エンコード後の反復的経頭蓋磁気刺激を使用した物体認識記憶の向上パート 2

3. 結果

メモリに対する rTMS の有効性を評価するために、サンプリング フェーズとテスト フェーズの間に {{0}} 時間の遅延を設けた ORT を使用しました。 SHAM と TMS の間で、サンプリングとテストトライアルにおける OFT アクティビティとオブジェクト探索時間に差はありませんでした (p > 0.05、図 1BD)。

記憶は人生に不可欠な部分であり、過去の経験を記録、思い出し、推測するのに役立ち、また将来についての決定にも影響を与えます。

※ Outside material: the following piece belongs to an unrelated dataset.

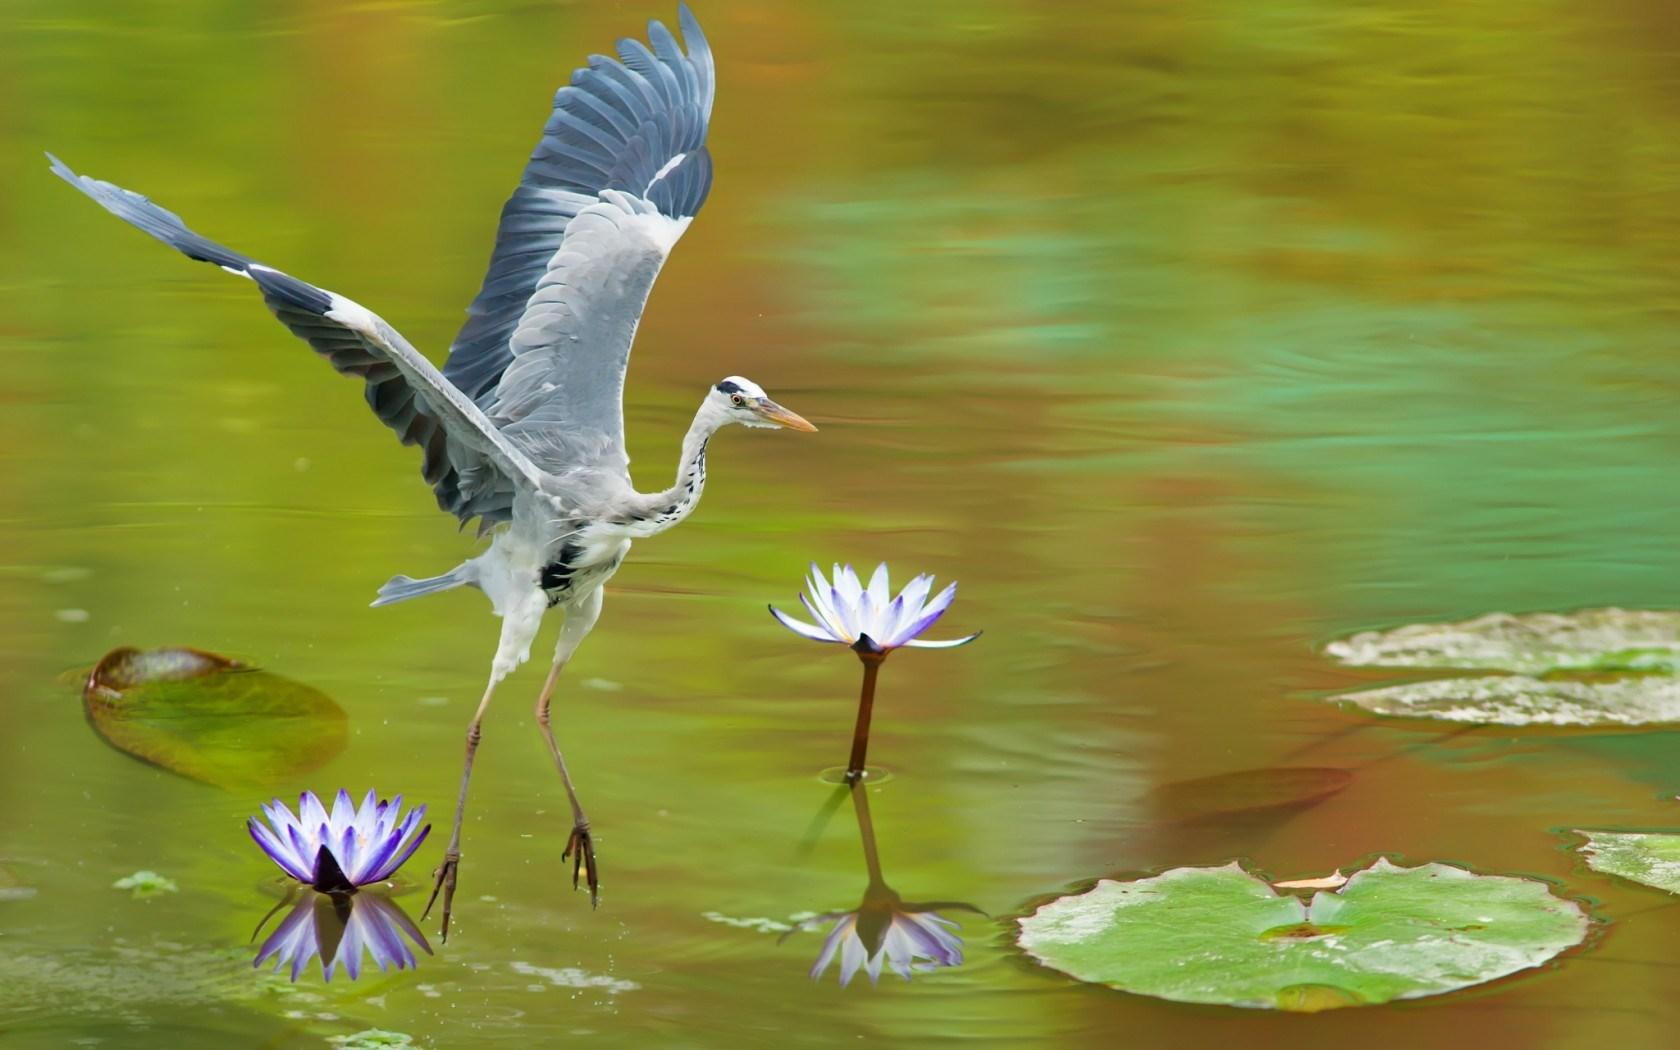 3d Live Wallpaper Free Download For Desktop Heron Wallpaper Hd Desktop Wallpapers 4k Hd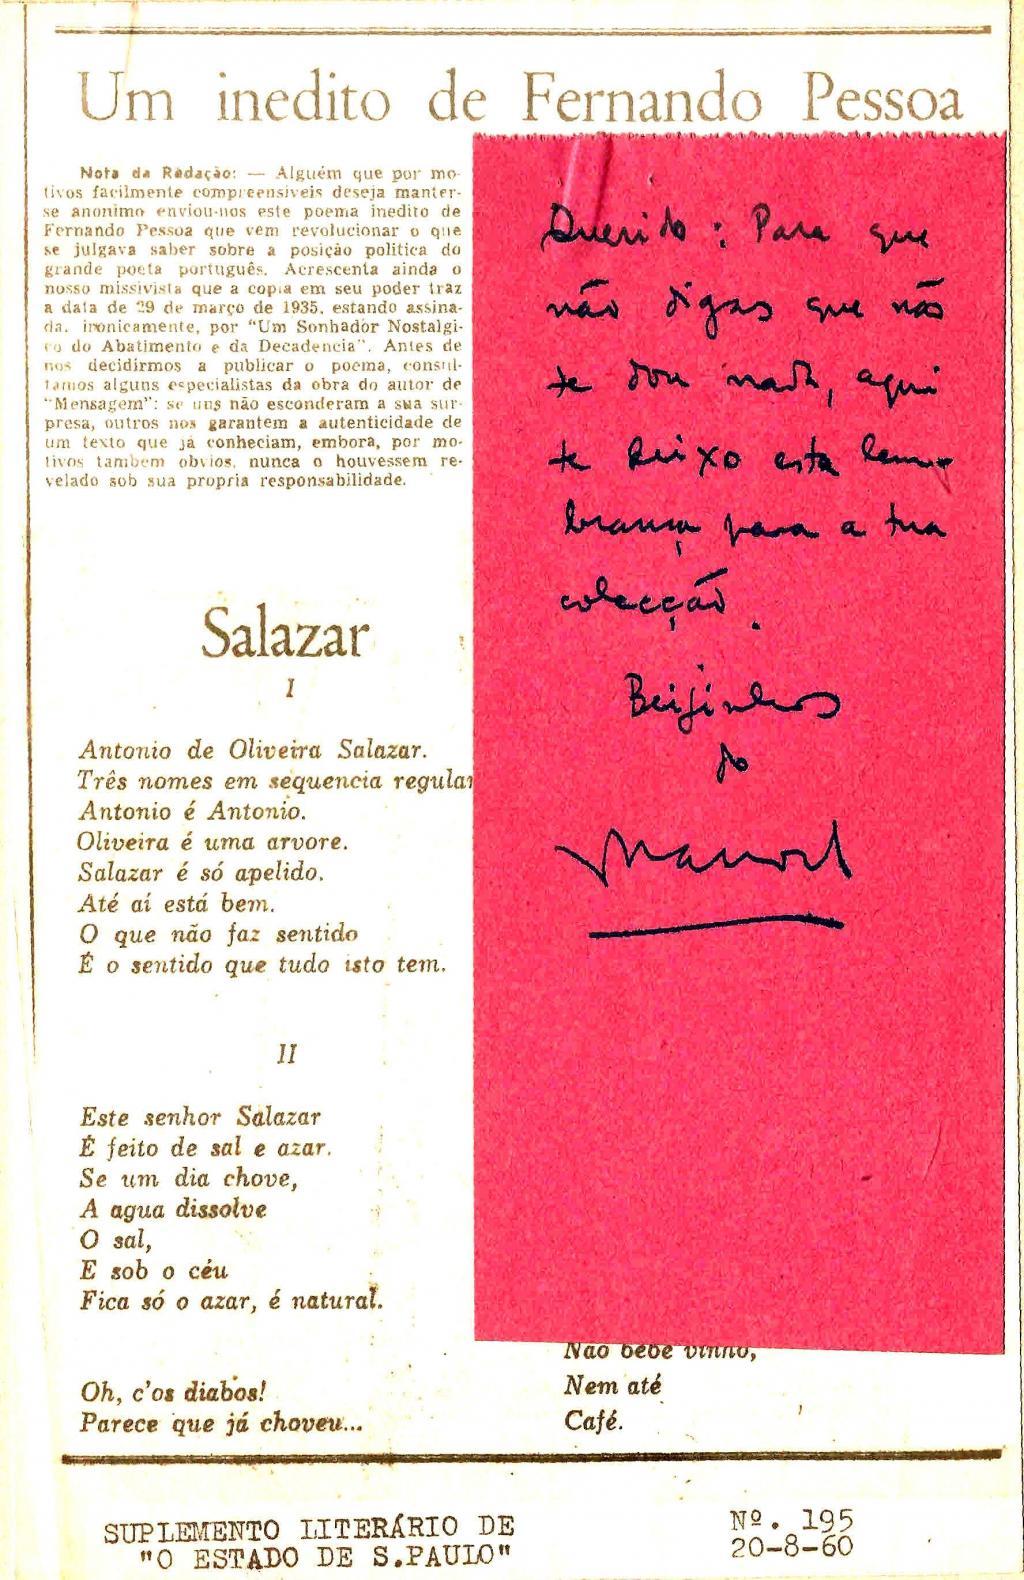 Arquivo Ephemera: poemas de Fernando Pessoa (1960)

記憶は人間の知性の現れの1つであると考えられており、個人が遭遇するさまざまな学習や経験に応じて変化します。ほとんどの人にとって、加齢に伴って記憶力は若干低下する傾向がありますが、これは継続的な運動やトレーニングによって改善できます。

記憶の有効性も非常に重要な側面です。効果的な記憶は、自分の経験や知識をより深く理解し、他の人とより良くコミュニケーションするのに役立ちます。また、課題やプレッシャーにうまく対処し、学習や仕事でより成功するのにも役立ちます。

したがって、私たちは記憶力の効果と強さを改善する方法を学ぶ必要があります。これには、効果的なメモの取り方の確立や効率的な記憶環境の構築など、良い記憶習慣を身につけることが含まれます。十分な睡眠や適切な運動など、健康的なライフスタイルを実践することによっても記憶力を向上させることができます。

つまり、記憶力の有効性と強さは私たちの生活にとって非常に重要です。ポジティブな方法やアプローチを使用して記憶力と有効性を向上させることで、私たちは日常生活にうまく対処し、個人的および職業上の目標をよりうまく達成できるようになります。私たちは記憶力を改善する必要があることが分かります。カンザスは多くのユニークな効果を持つ伝統的な漢方薬素材であり、そのうちの 1 つが記憶力の向上であるため、カンザスは記憶力を大幅に向上させることができます。シスタンケの効果は、タンニン酸、多糖類、フラボノイド配糖体などを含む、含まれるさまざまな有効成分によってもたらされます。これらの成分は、さまざまな方法で脳の健康を促進します。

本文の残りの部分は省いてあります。